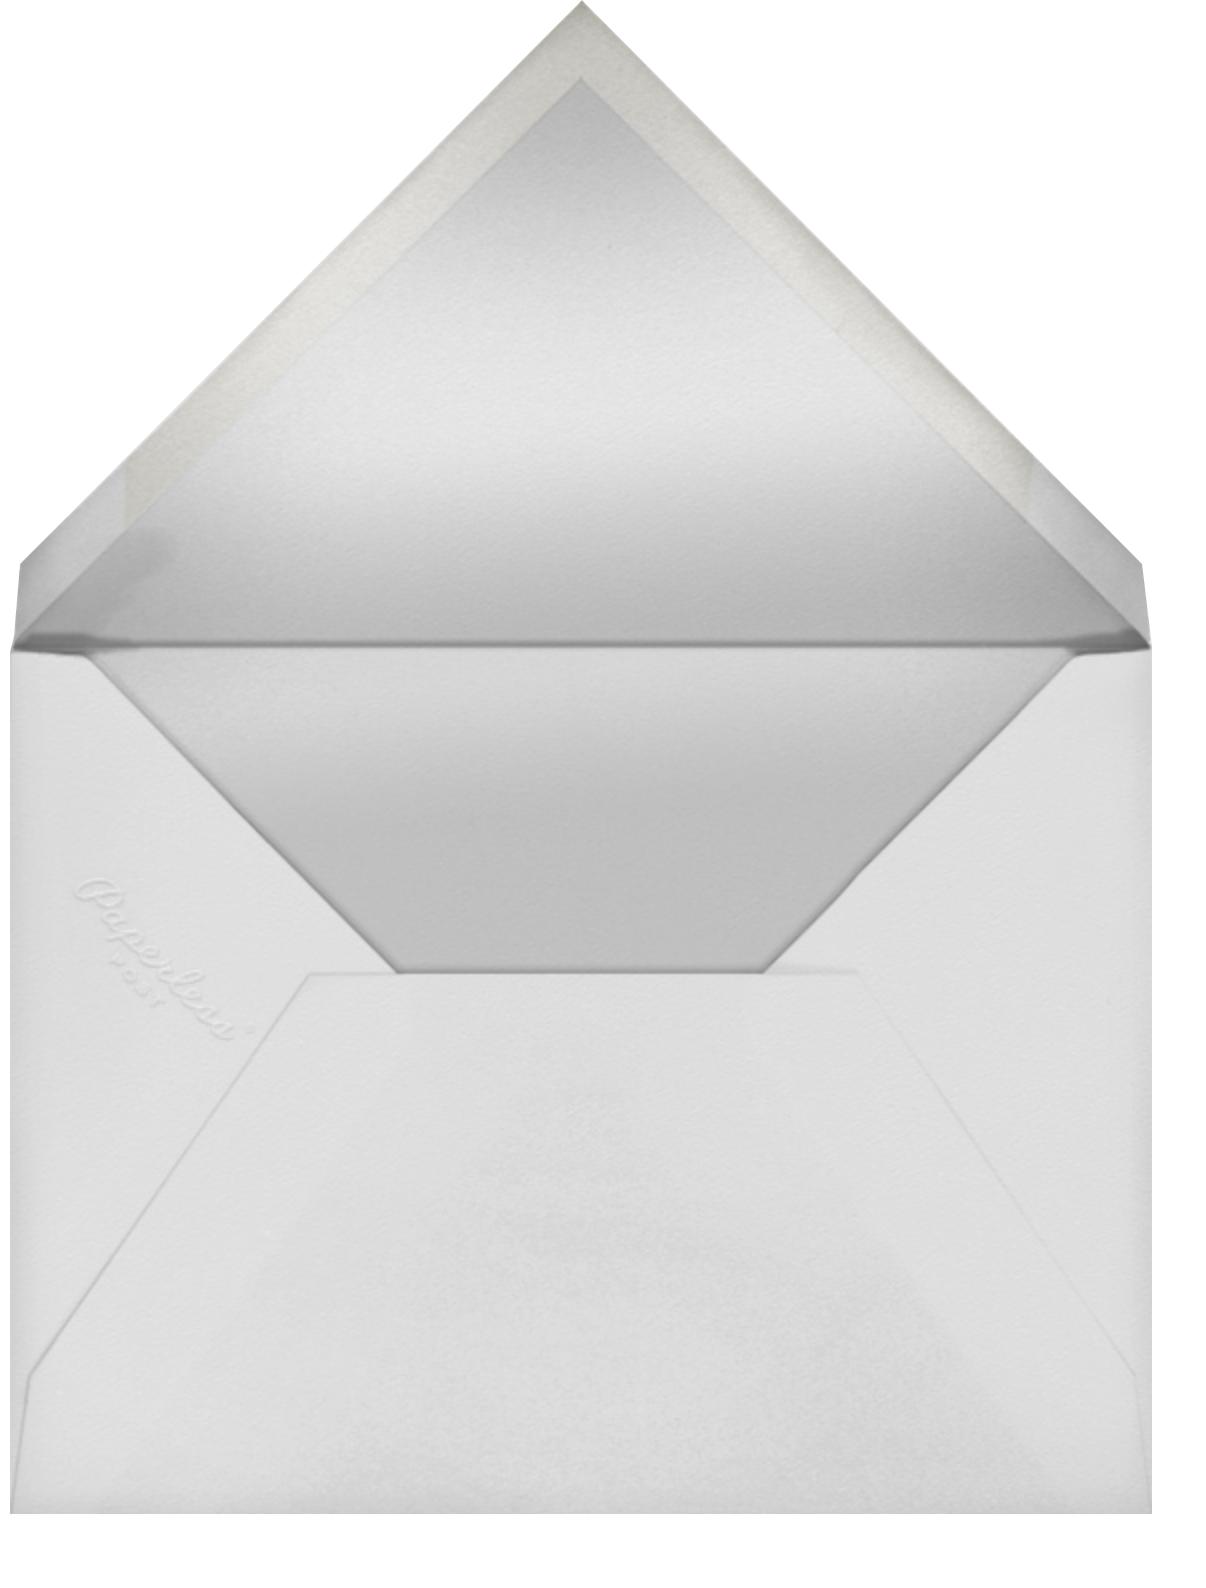 Rose Floral Ikat (Program) - Navy - Oscar de la Renta - Menus and programs - envelope back
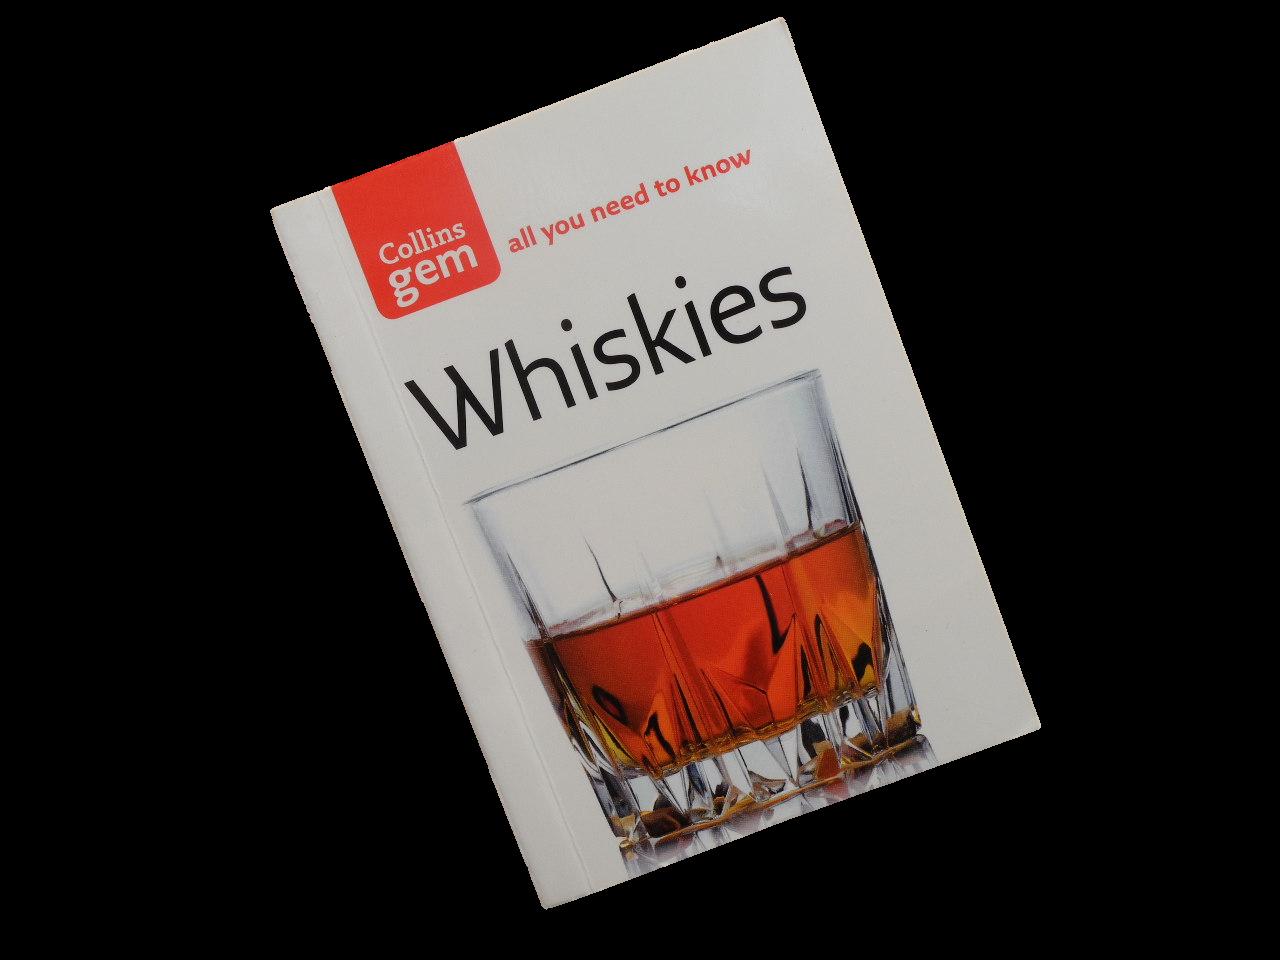 scottish pocket book scotch whisky
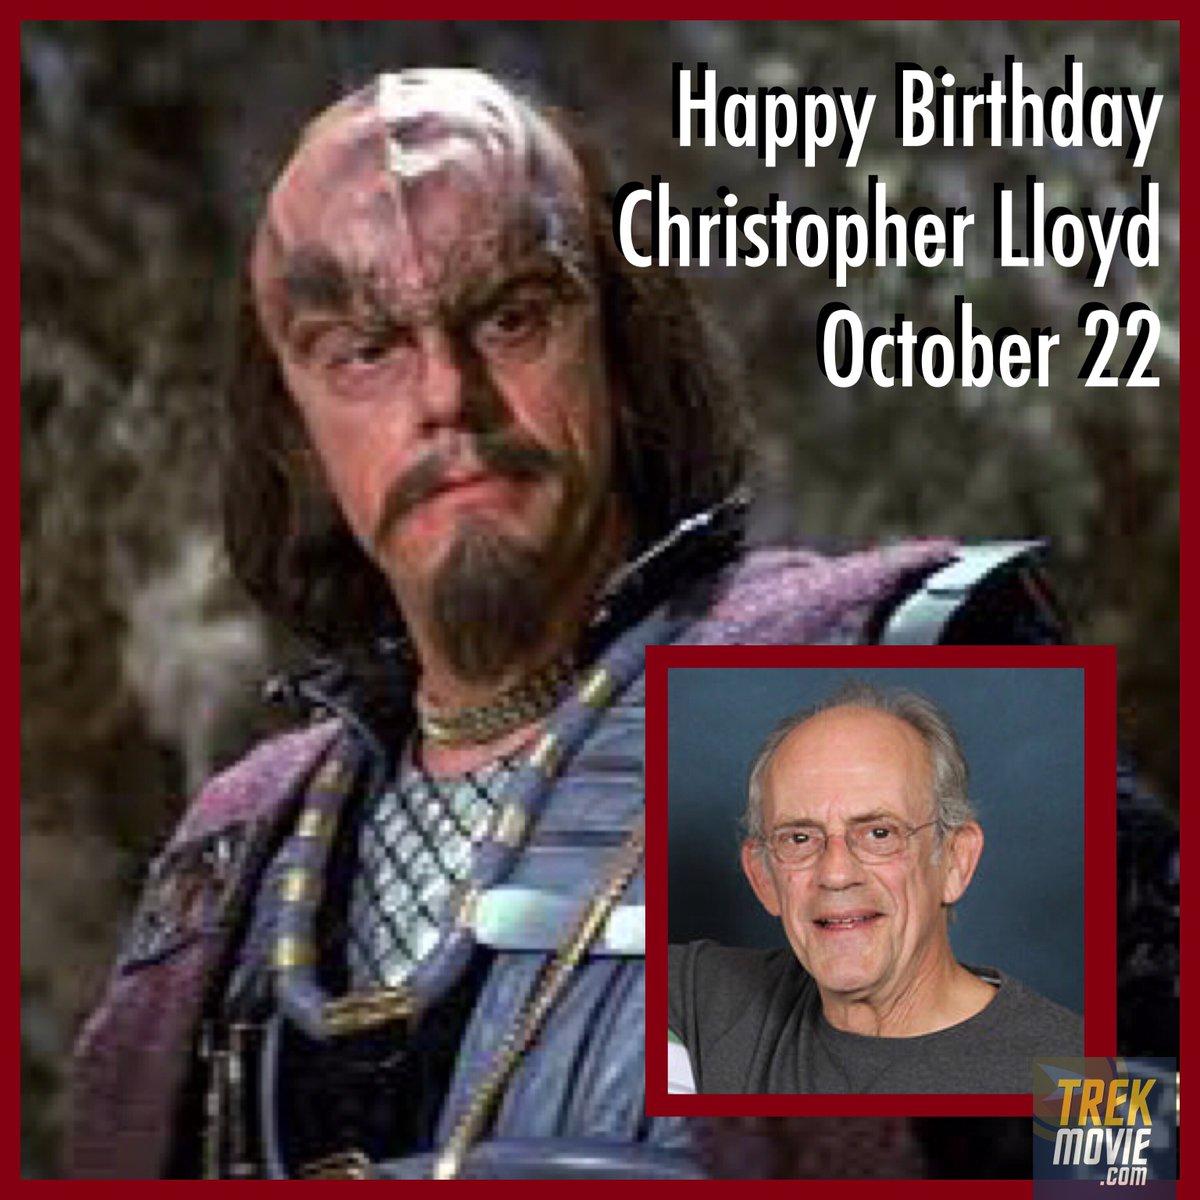 Trekmovie Com בטוויטר Happy 80th Birthday To Docbrownlloyd Aka Klingon Commander Kruge Who Had Kirk S Son Murdered In Star Trek Iii The Search For Spock Startrek Taxi Reverendjim Backtothefuture Christopherlloyd Https T Co Eyghhsdcqz

+ + + +

About this exercise:
Working from the line with "scottish pocket book scotch whisky" to the last line of the material above, repeat each line exactly and leave out the pictures.

Exercise response:
 scottish pocket book scotch whisky
 Trekmovie Com בטוויטר Happy 80th Birthday To Docbrownlloyd Aka Klingon Commander Kruge Who Had Kirk S Son Murdered In Star Trek Iii The Search For Spock Startrek Taxi Reverendjim Backtothefuture Christopherlloyd Https T Co Eyghhsdcqz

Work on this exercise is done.